*** Information shown Section Begins ***

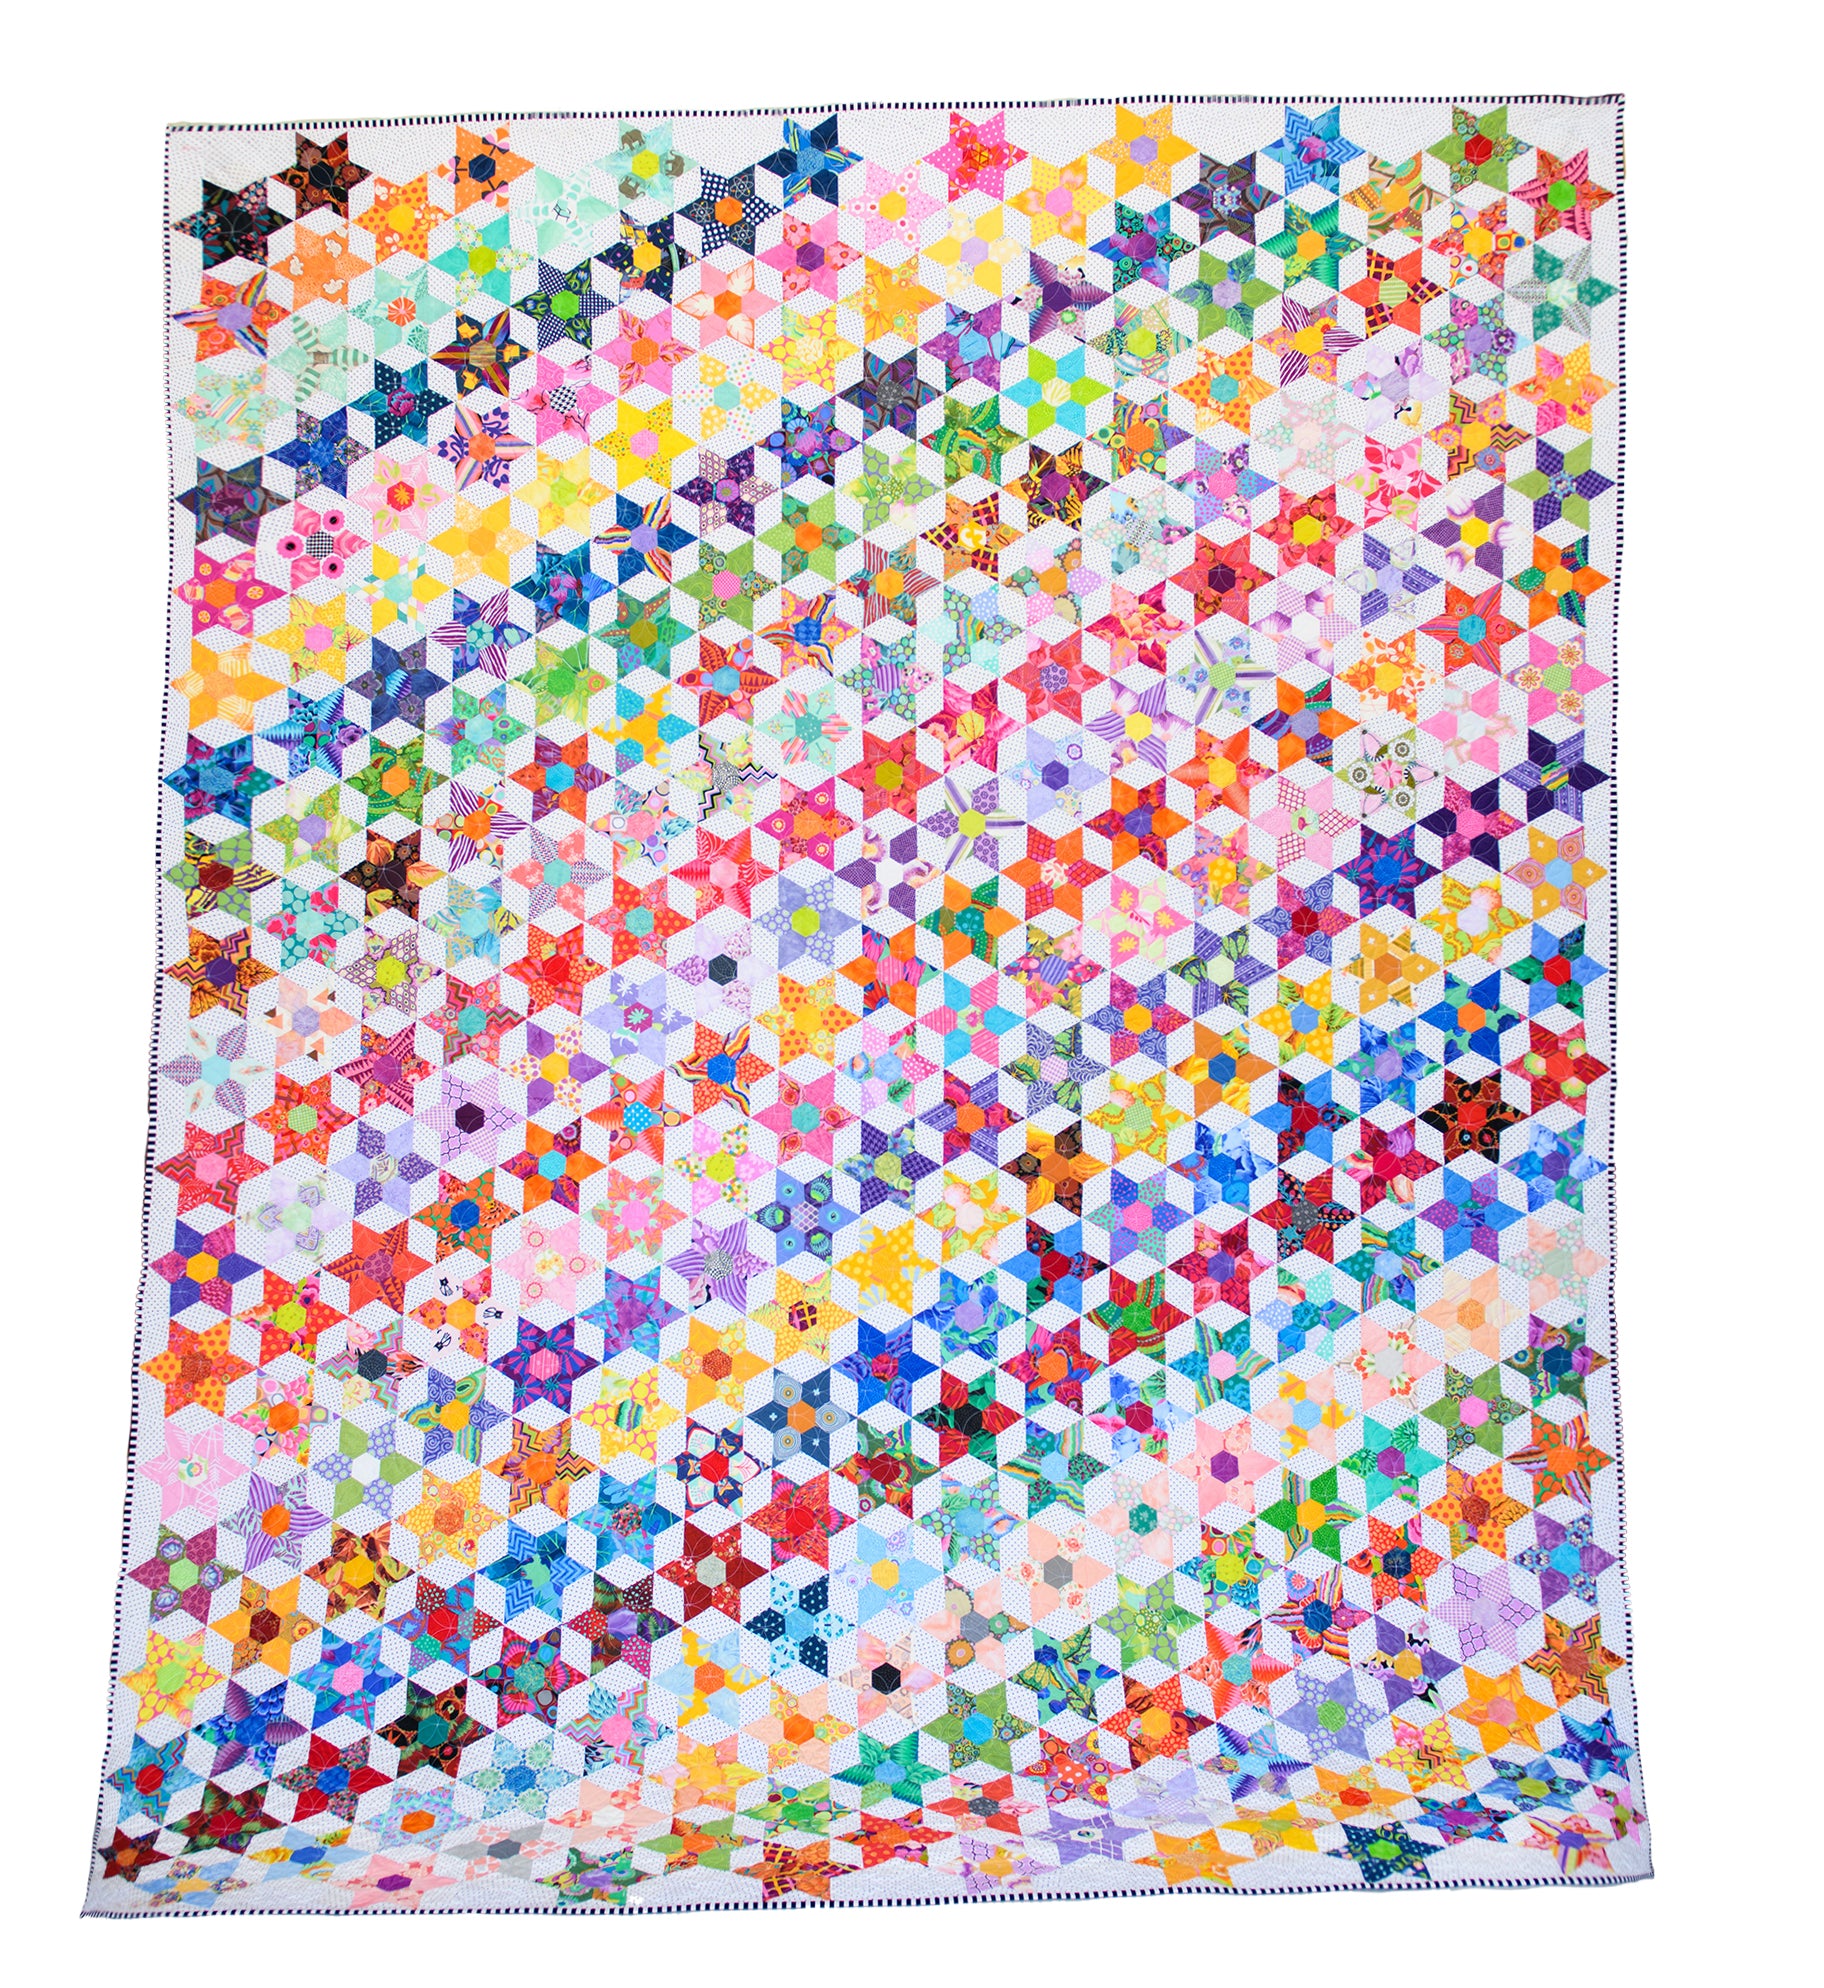 Daisy Chain Quilt made with English Paper Piecing Made Easy templates
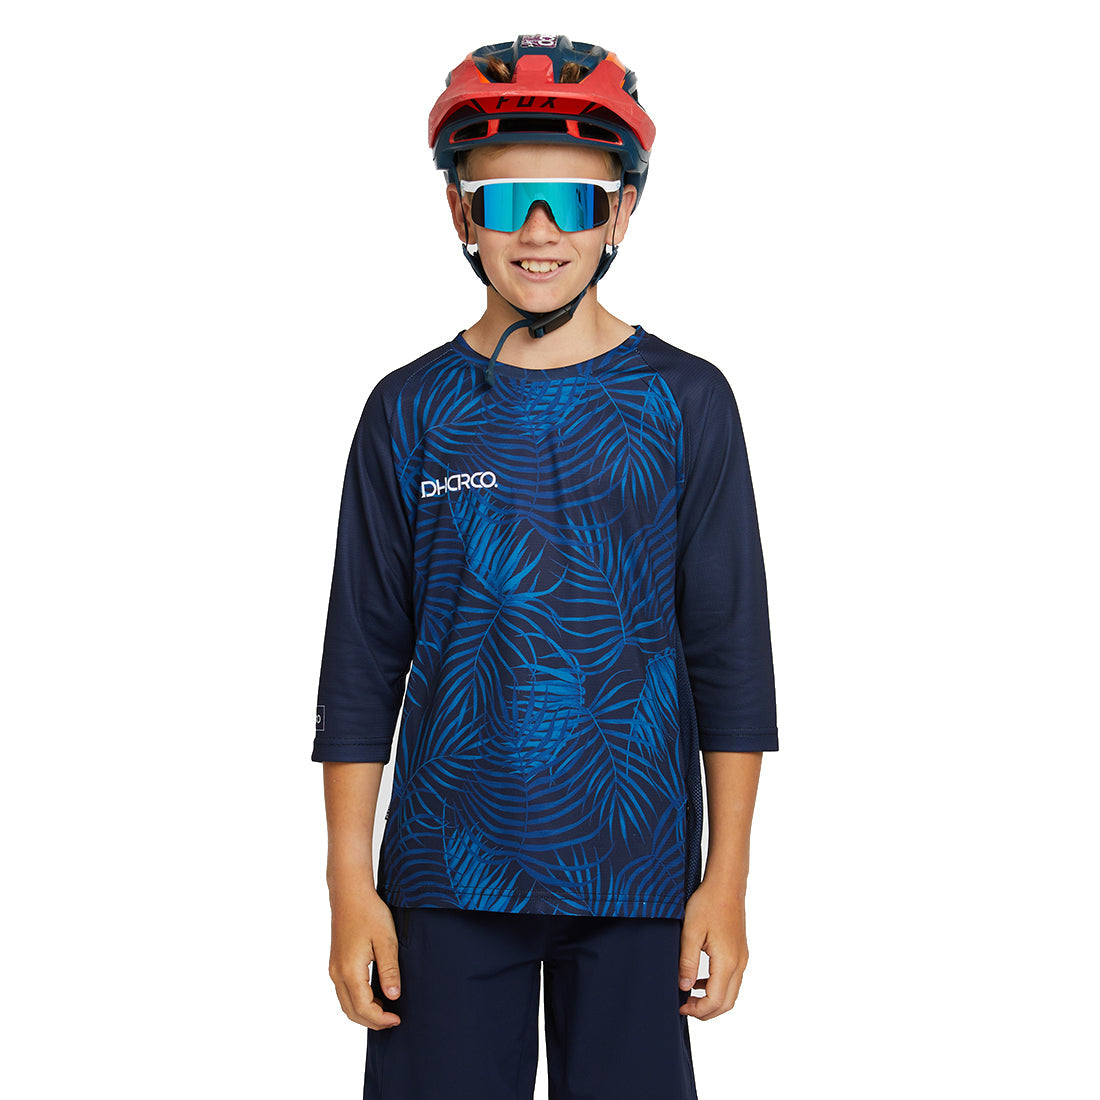 Dharco Youth Tops - MTB Direct Australia
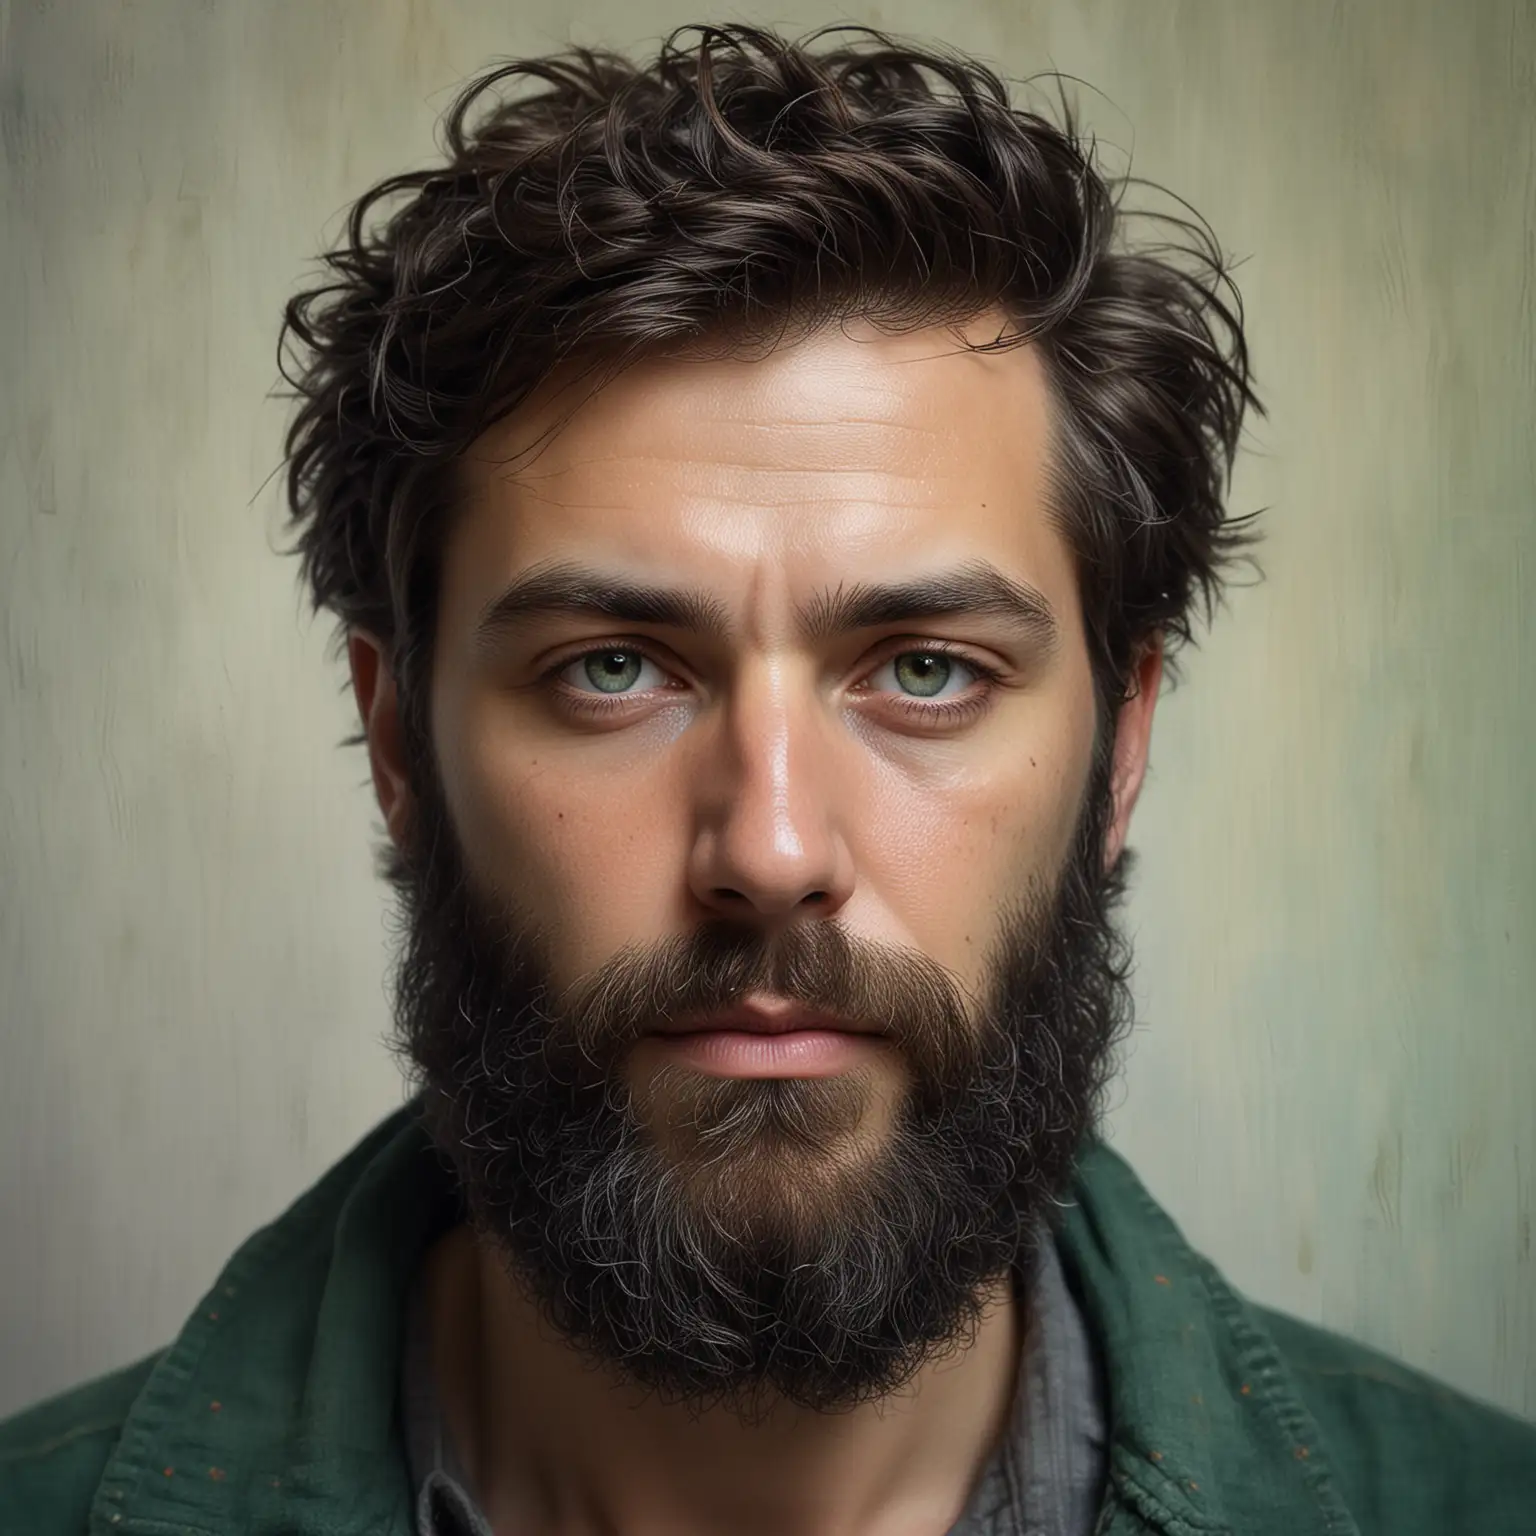 Create a highly detailed and expressive portrait of a bearded man in a contemplative pose. The artwork should be done in a painterly style, with visible brushstrokes and a mix of colors. The man's face is turned slightly upward and to the side, with a thoughtful and serene expression. He has a well-groomed, full beard and short, dark hair. His skin is depicted with a combination of light and shadow, creating a sense of depth. The color palette should include shades of green, blue, and hints of purple, adding a dynamic and emotional quality to the image. The background should be abstract and soft, using light colors like pale blue and white to contrast with the darker tones of the man's features. The overall mood of the portrait should be reflective and peaceful.
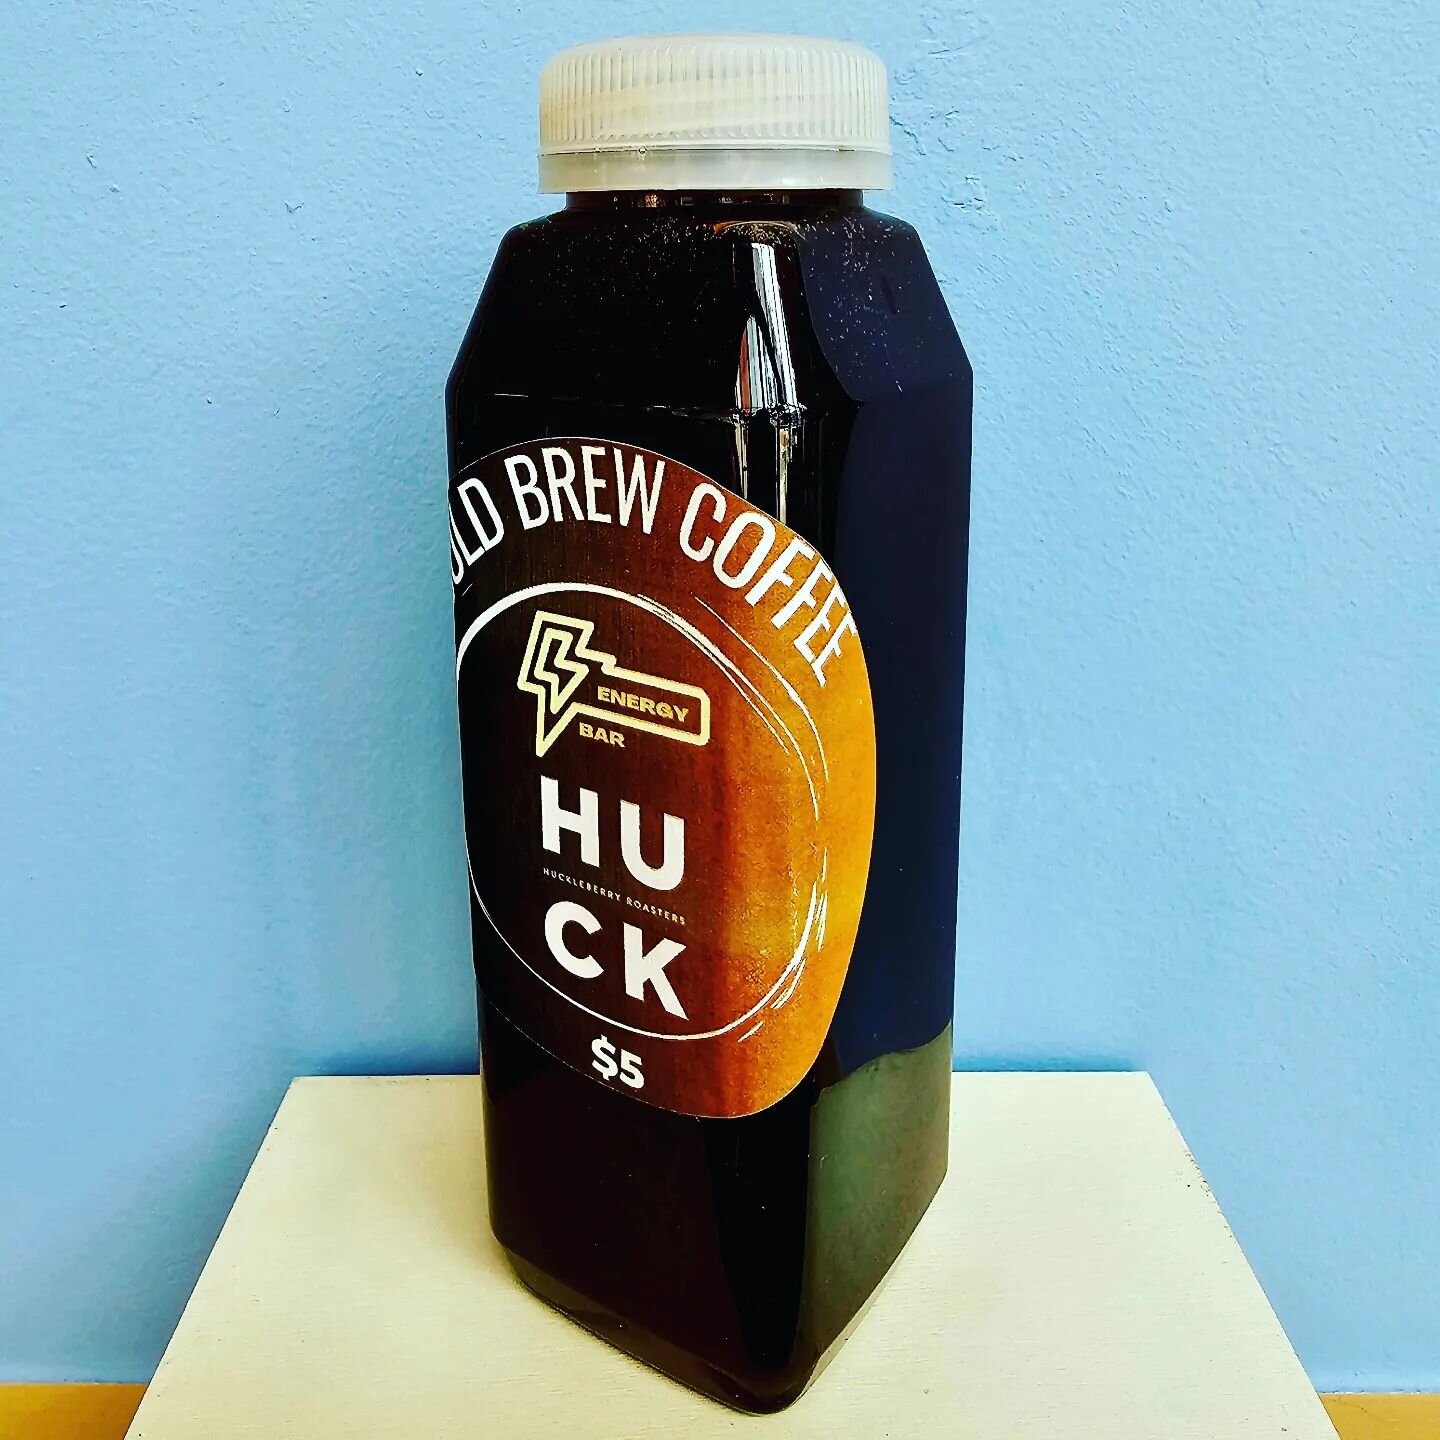 We are proud to feature @huckleberryroasters coffee in all our #coffee drinks! Our #housemade bottled #coldbrew coffee is made with the Sound &amp; Vision Blend, which uses beans from Brazil, Peru, and Ethiopia. Get your portable #caffeinefix today!

*** Information shown Section Ends ***

Instructions to follow:
Reproduce all of the material above word for word. Omit the pictures.

Task output:
 Daisy Chain Quilt made with English Paper Piecing Made Easy templates
 Dharco Youth Tops - MTB Direct Australia
 Create a highly detailed and expressive portrait of a bearded man in a contemplative pose. The artwork should be done in a painterly style, with visible brushstrokes and a mix of colors. The man's face is turned slightly upward and to the side, with a thoughtful and serene expression. He has a well-groomed, full beard and short, dark hair. His skin is depicted with a combination of light and shadow, creating a sense of depth. The color palette should include shades of green, blue, and hints of purple, adding a dynamic and emotional quality to the image. The background should be abstract and soft, using light colors like pale blue and white to contrast with the darker tones of the man's features. The overall mood of the portrait should be reflective and peaceful.
 We are proud to feature @huckleberryroasters coffee in all our #coffee drinks! Our #housemade bottled #coldbrew coffee is made with the Sound &amp; Vision Blend, which uses beans from Brazil, Peru, and Ethiopia. Get your portable #caffeinefix today!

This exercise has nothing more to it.